The information on this page does not contain a record of our trading prices, or an offer of, or solicitation for, a transaction in any financial instrument. IG Bank S.A. accepts no responsibility for any use that may be made of these comments and for any consequences that result. No representation or warranty is given as to the accuracy or completeness of this information. Consequently any person acting on it does so entirely at their own risk. Any research provided does not have regard to the specific investment objectives, financial situation and needs of any specific person who may receive it and as such is considered to be a marketing communication.
The price of crude oil has been rampantly rising over recent months, with Brent rising 42% since the June low. This incessant rise has been grounded in a number of factors, with the Organisation of Petroleum Exporting Countries (OPEC) led production cuts being largely respected, as demand rises to account for growing US output. With both OPEC and non-OPEC producers set to meet on November 23, there are talks underway to ensure agreement for another extension to the already long-lasting production freeze.
The previous experiences of those members involved in the production freeze will likely provide the basis for another extension, given the proof that the strategy is finally working. The current tones from initial negotiations point towards an extension to the current production limits, which provide a basis for further upside.
The story from the US is a mixed one, with production at a new record high, yet a rig count which is on the decline. That rig count data typically acts as a leading indicator of where production will go in the future, highlighting the potential for output to begin slowing in the coming months. That being said, with crude prices on the rise, there is more, not less, of an incentive to pump for US oil and gas firms. This could be related to cash flow factors, with exploration firms requiring increased capital to enable further drilling.
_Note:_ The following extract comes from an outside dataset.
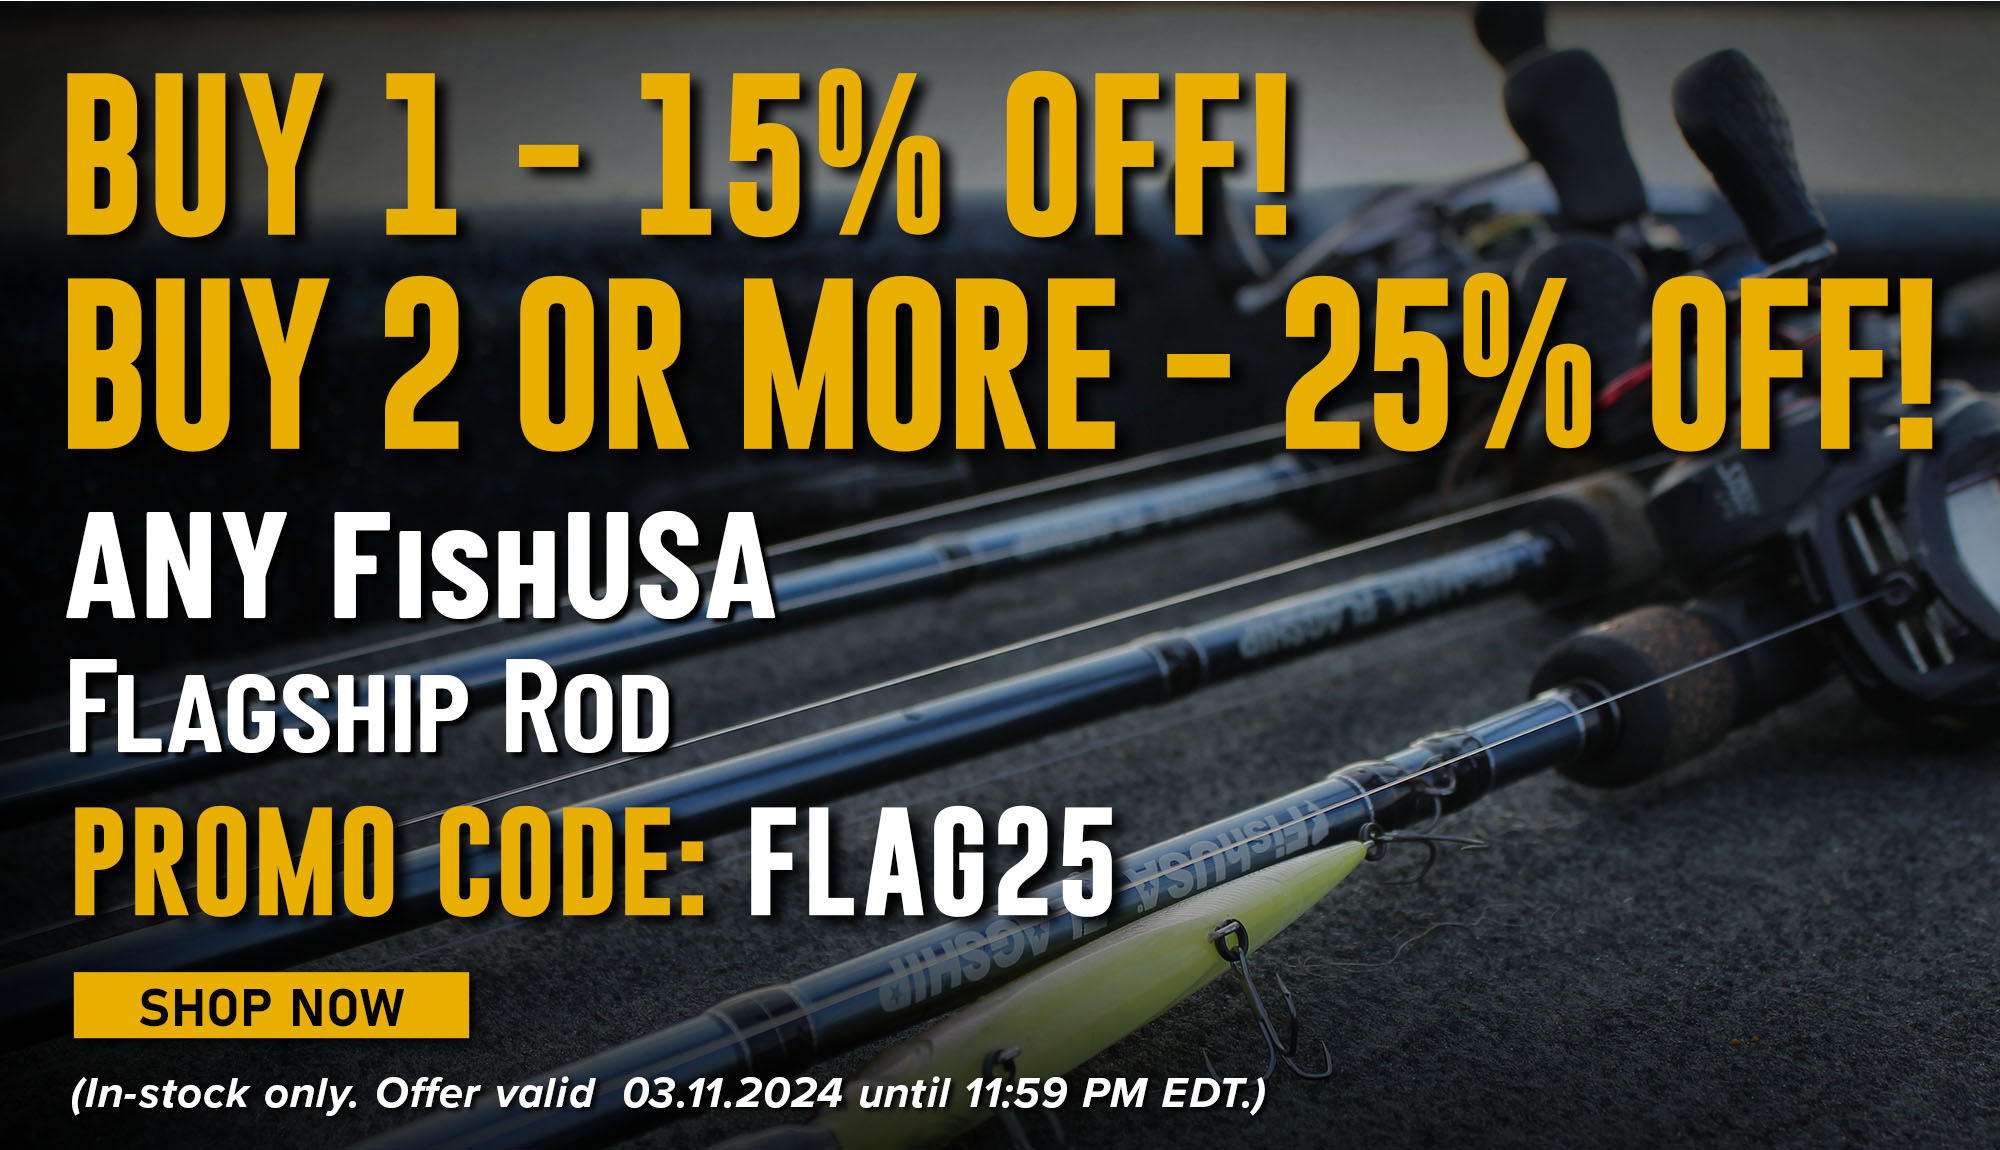 Add to Your Arsenal, Save up to 25% on FishUSA Flagship Rods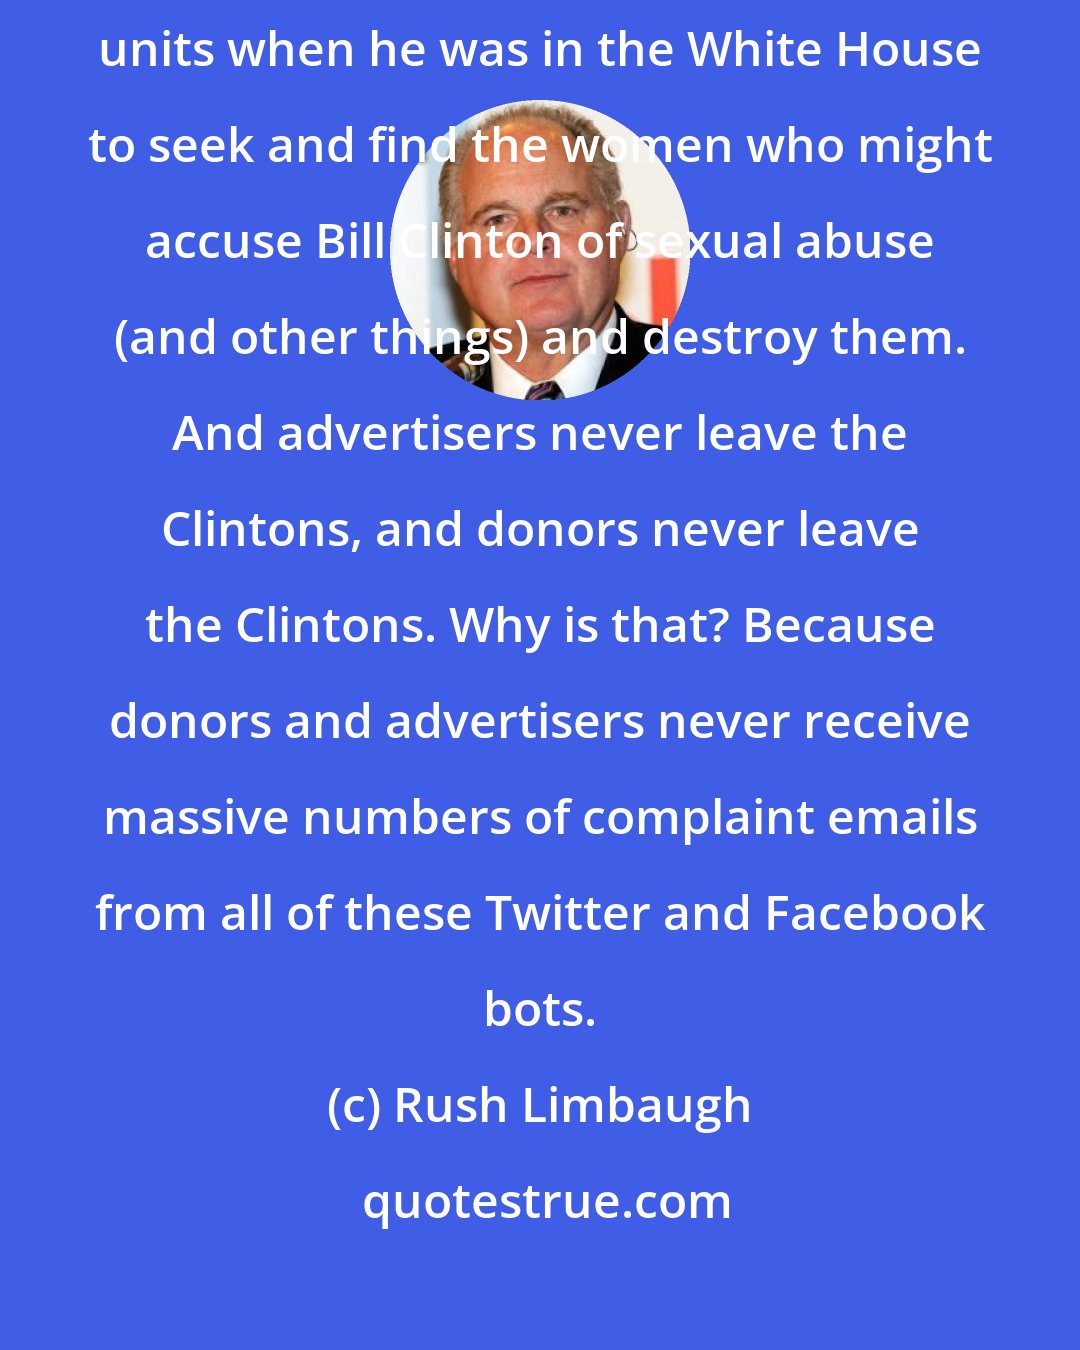 Rush Limbaugh: You talk about sexual abuse? Bill Clinton's wife ran the bimbo eruptions units when he was in the White House to seek and find the women who might accuse Bill Clinton of sexual abuse (and other things) and destroy them. And advertisers never leave the Clintons, and donors never leave the Clintons. Why is that? Because donors and advertisers never receive massive numbers of complaint emails from all of these Twitter and Facebook bots.

As such, keep an eye out for the rig count, with a resurgence likely to provide the basis for further gains in production. Conversely, should we see US production begin to taper off, it is clear that investment is on the wane.
From a charting perspective, there is a clear medium-term bullish bias since we broke through the $58.48 mark. That provided us with the first monthly higher high since 2011. Many will perceive this as an inverse head and shoulders formation. It is certainly a telling occurrence, and likely highlights that the $27.43 mark represents the bottom of this multi-year sell-off. It also points towards the potential for substantial further upside, with $69.24 the next major resistance level up ahead.